Satin Vs. Eggshell Paint
Two of the most popular interior paint choices are eggshell and satin. Neither of them are excessively dull or shiny, just enough to make the paint project stand out. It’s common to know these paint types by name, but do you know the differences they have from each other? Today we will be talking about the similarities and differences of these two paint types that will help you decide which one is best for your next home project.
Conceals Surface Flaws-
Even though satin can resist potential surface flaws, it won’t do as great of a job hiding them. If your walls have scratches, dents or scuffs prior to painting, your best choice would be eggshell. Eggshell does a better job at concealing imperfections because it is dull. Any shine will reflect light and make these imperfections stand out which is why satin is not a good choice for already damaged surfaces. If you have a blemished surface but would rather go with satin, make sure you take the necessary time to sand and fill in these imperfections before painting.
Although it is a $1-$2 difference, eggshell is typically going to be cheaper than satin paint. Satin is more resistant and provides more benefits in the long run making it a couple bucks more than eggshell. The quality of the paints are the same, it’s just a matter of how much value is in the pros.

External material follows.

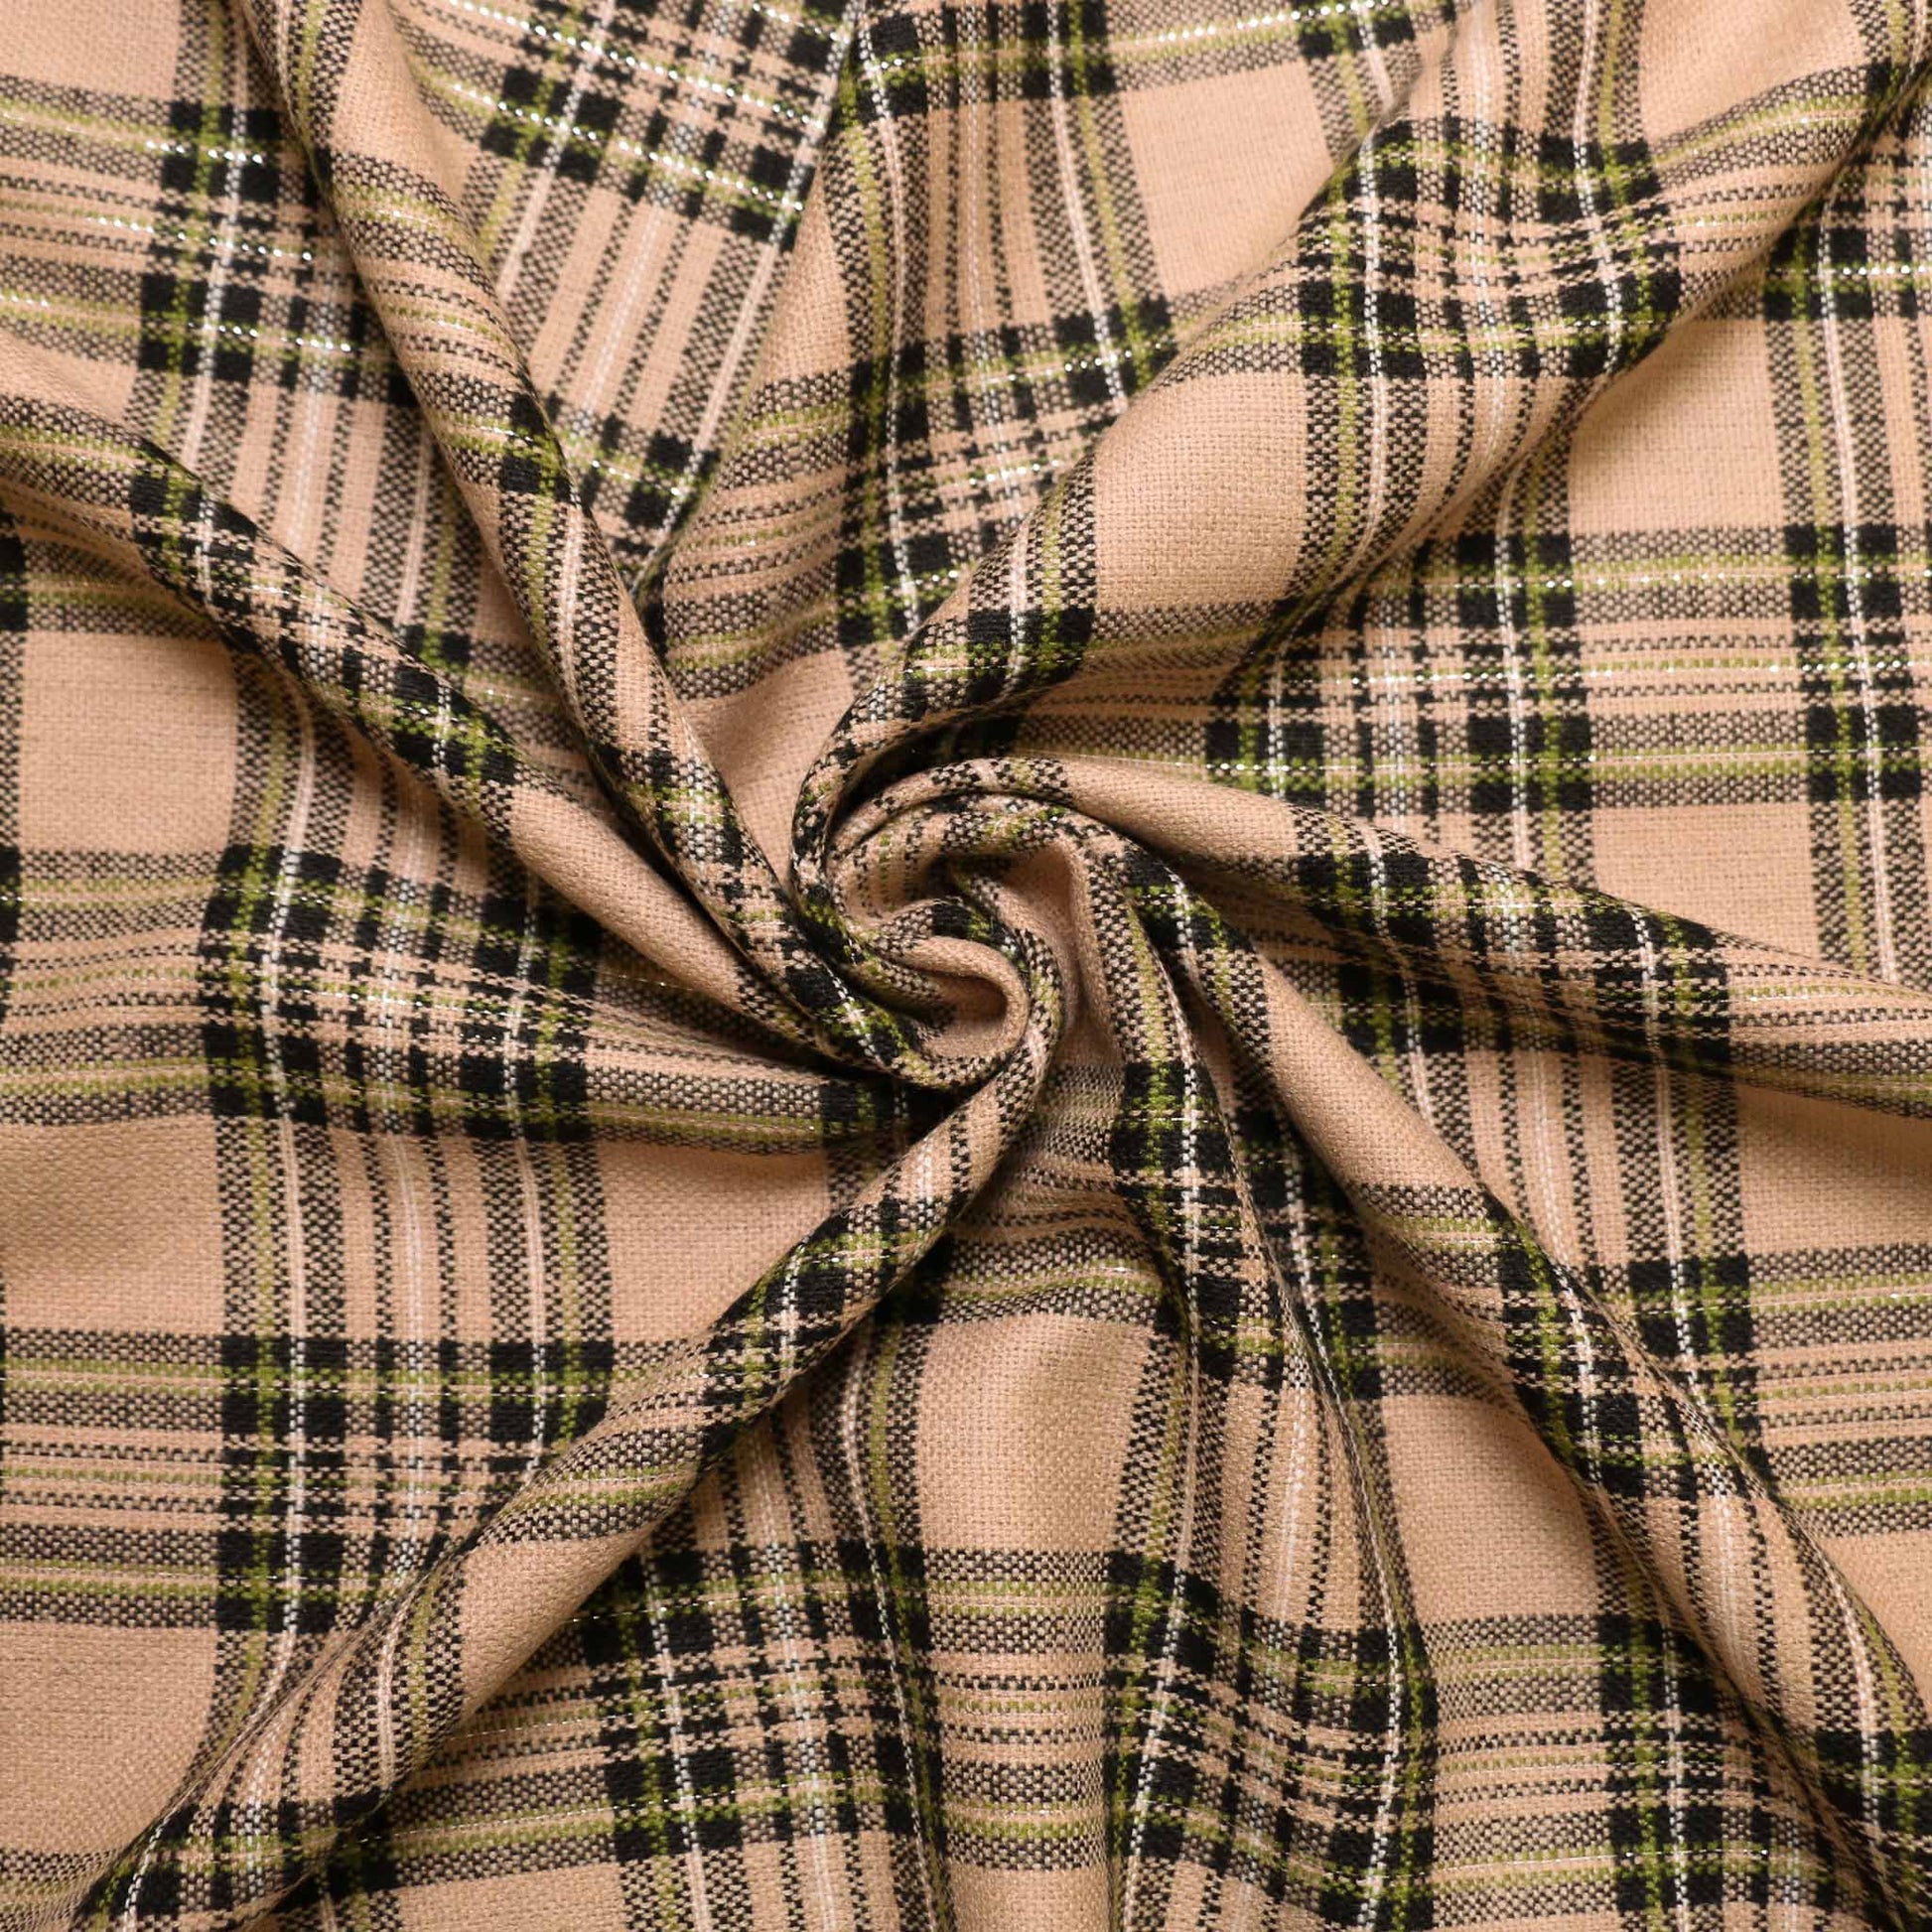 wool voltaire fabric in beige with black and khaki check pattern
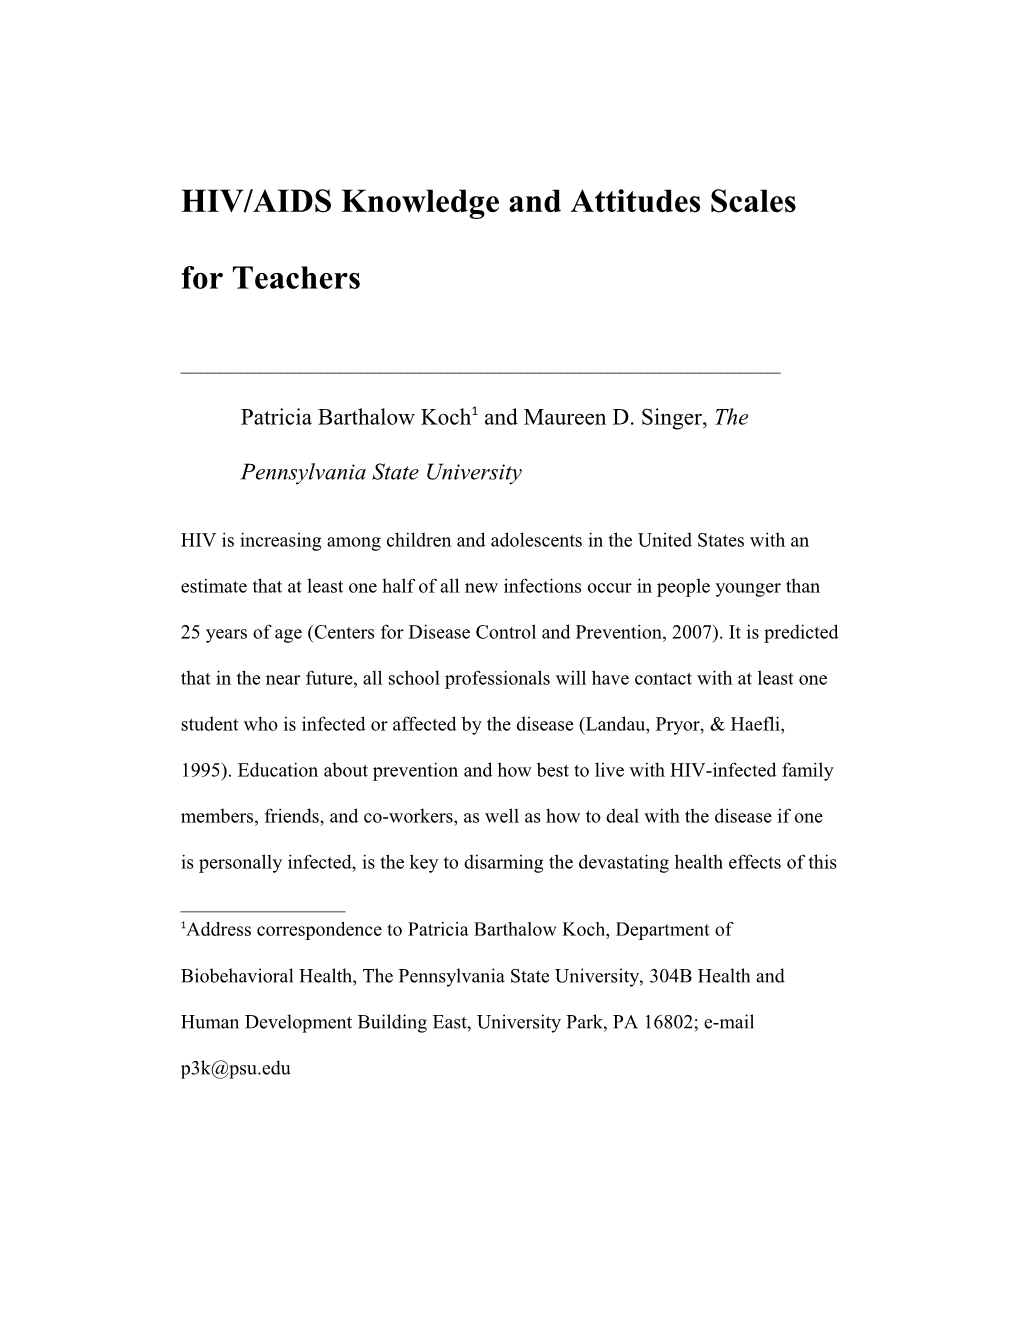 HIV/AIDS Knowledge and Attitudes Scales for Teachers

If you are working with a small space, satin will give that extra shine that will add more depth to expand your space. Although the shine isn’t extra by any means, it’s just enough to let off that slight shimmer similar to velvet. Satin is great to use in a small bathroom, hallway, nook or bedroom. In contrast, eggshell is more one dimensional and will not provide any hint of shine to expand small spaces.
Paints with more shine are less pigmented and have more binders added to them. This makes the paint more flexible, tough and durable. If you are working with a piece of furniture or areas of your home that are prone to higher traffic, satin is the way to go. Satin paint is going to be more resistant to dents, divots, scuffs and scratches. Eggshell paint is more likely to become damaged to any rough contact because it contains more pigment and less binding agents.